A biblical-era Israeli shrine shows signs of the earliest ritual use of marijuana

Chemical analyses of residue from an altar reveal a cannabis–animal dung mixture

Arad shrine

A section of the more than 2,700-year-old shrine at Arad, rebuilt from original archaeological finds for display at the Israel Museum, Jerusalem, includes two altars, one with frankincense residue (left) and one with cannabis residue (right).

Israel Antiquities Authority Collection, photo © The Israel Museum, Jerusalem, by Laura Lachman

A limestone altar from an Iron Age shrine in Israel contains remnants of the world’s earliest known instance of burning cannabis plants in a ritual ceremony, a new study finds.

This altar, along with a second altar on which frankincense was burned, stood at the entrance to a room where religious rites were presumably held inside a fortress of the biblical kingdom of Judah. Previous analyses of recovered pottery and documented historical events at the site indicate that the shrine was used from roughly 760 B.C. to 715 B.C.

Excavations at Israel’s Tel Arad site in the 1960s uncovered the shrine amid the ruins of two fortress cities, one built atop the other, that date from the ninth century B.C. to the early sixth century B.C. Arad, about 45 kilometers west of the Dead Sea, guarded Judah’s southern border.
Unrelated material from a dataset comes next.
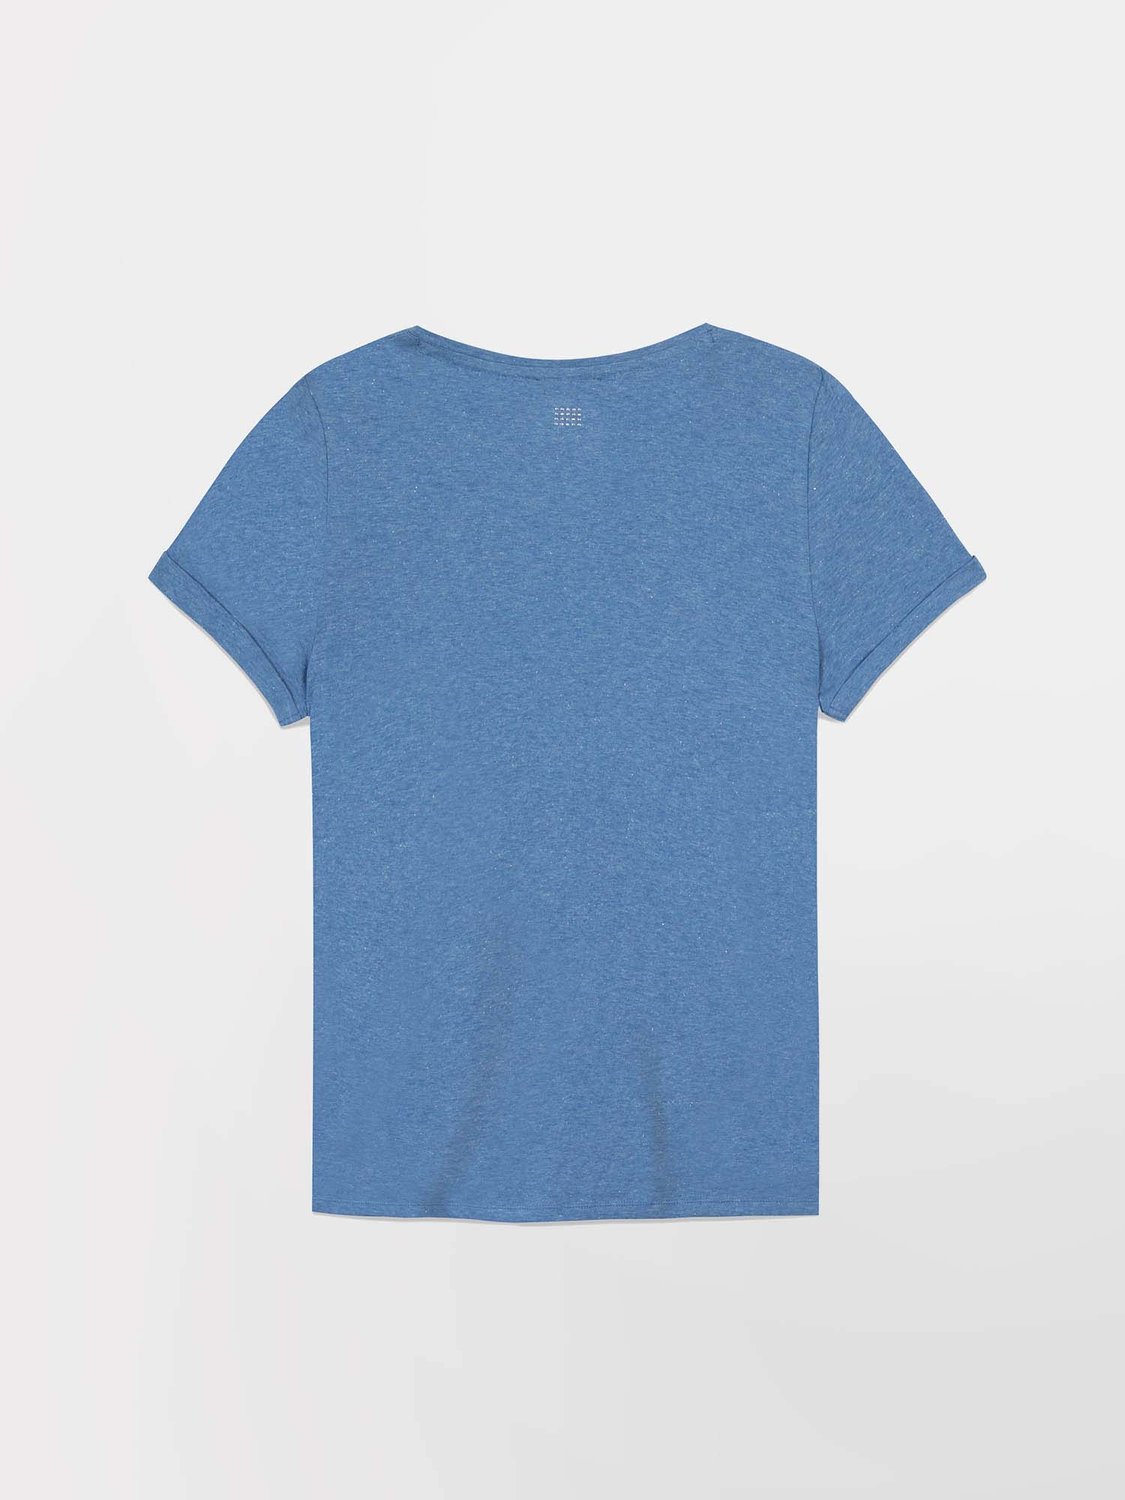 Tee-Shirt Femme Col V Jersey Coton Bleu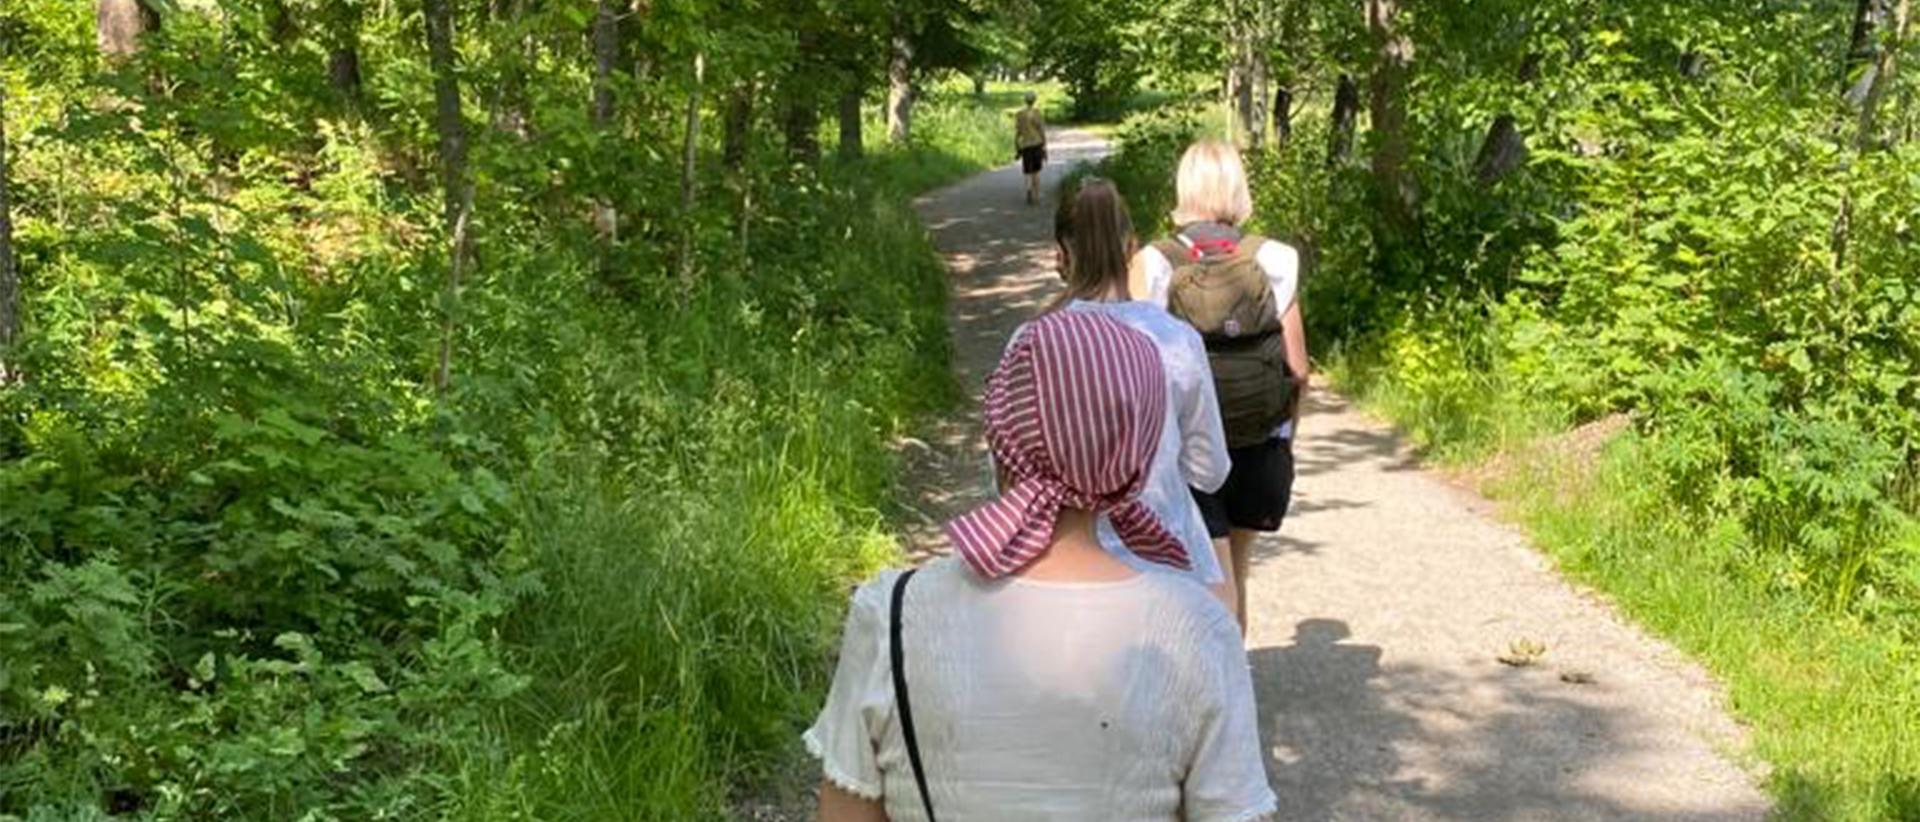 Ihmisiä kesäisessä maisemassa kävelemässä jonossa selin. Kuva Ulla Lumijärvi

Chemical analyses of dark material on the two altars’ upper surfaces conducted in the late 1960s proved inconclusive. Using modern laboratory devices, a team led by archaeologist Eran Arie of the Israel Museum, Jerusalem and bioarchaeologist Dvory Namdar of Israel’s Agricultural Research Organization – Volcani Center in Bet-Dagan analyzed chemical components of residues on each altar. 

Cannabis on the smaller of the two altars had been mixed with animal dung so it could be burned at a low temperature, likely allowing ritual specialists to inhale the plant’s mind-altering fumes, the researchers report online May 29 in Tel Aviv, a journal published by Tel Aviv University’s Institute of Archaeology. This cannabis sample contained enough of the plant’s psychoactive compound THC to have induced an altered state of consciousness by breathing in its fumes.

Frankincense, a form of dried tree resin, was placed on the larger altar and mixed with animal fats that enabled burning at temperatures high enough to release the resin’s fragrance, the researchers say.

Biblical and historical texts indicate that frankincense and another fragrant tree resin, myrrh, reached the Iron Age Middle East and surrounding regions via trade from southern Arabia.

“But cannabis is completely new for understanding incense burning in this region, and in Judah in particular,” Arie says. Earlier evidence had pointed to the use of other mind-bending substances, such as opium, during religious rituals in various parts of the ancient Middle East and southwest Asia.

Arie suspects cannabis plants were cultivated far from Israel, in what’s now China or southeastern Russia. Knowledge of cannabis, or marijuana, probably spread from eastern and central Asia to Europe along early Silk Road trade routes, says archaeobotanist Robert Spengler of the Max Planck Institute for the Science of Human History in Jena, Germany. Mourners at a cemetery in western China inhaled cannabis fumes around 2,500 years ago (SN: 6/12/19).

It’s unclear how Middle Easterners learned about and acquired potent forms of cannabis, Spengler says. Discoveries at the Arad shrine, he says, “further complicate the early story of cannabis.”

Many Iron Age altars at Middle Eastern sites resemble the two at Tel Arad, says archaeologist Shimon Gibson of the University of North Carolina at Charlotte. The new report provides the first direct evidence that incense, sometimes including cannabis, was burned on at least some of those altars, he suggests. “It’s interesting to think of the priests officiating at these altars getting ‘high,’” Gibson muses.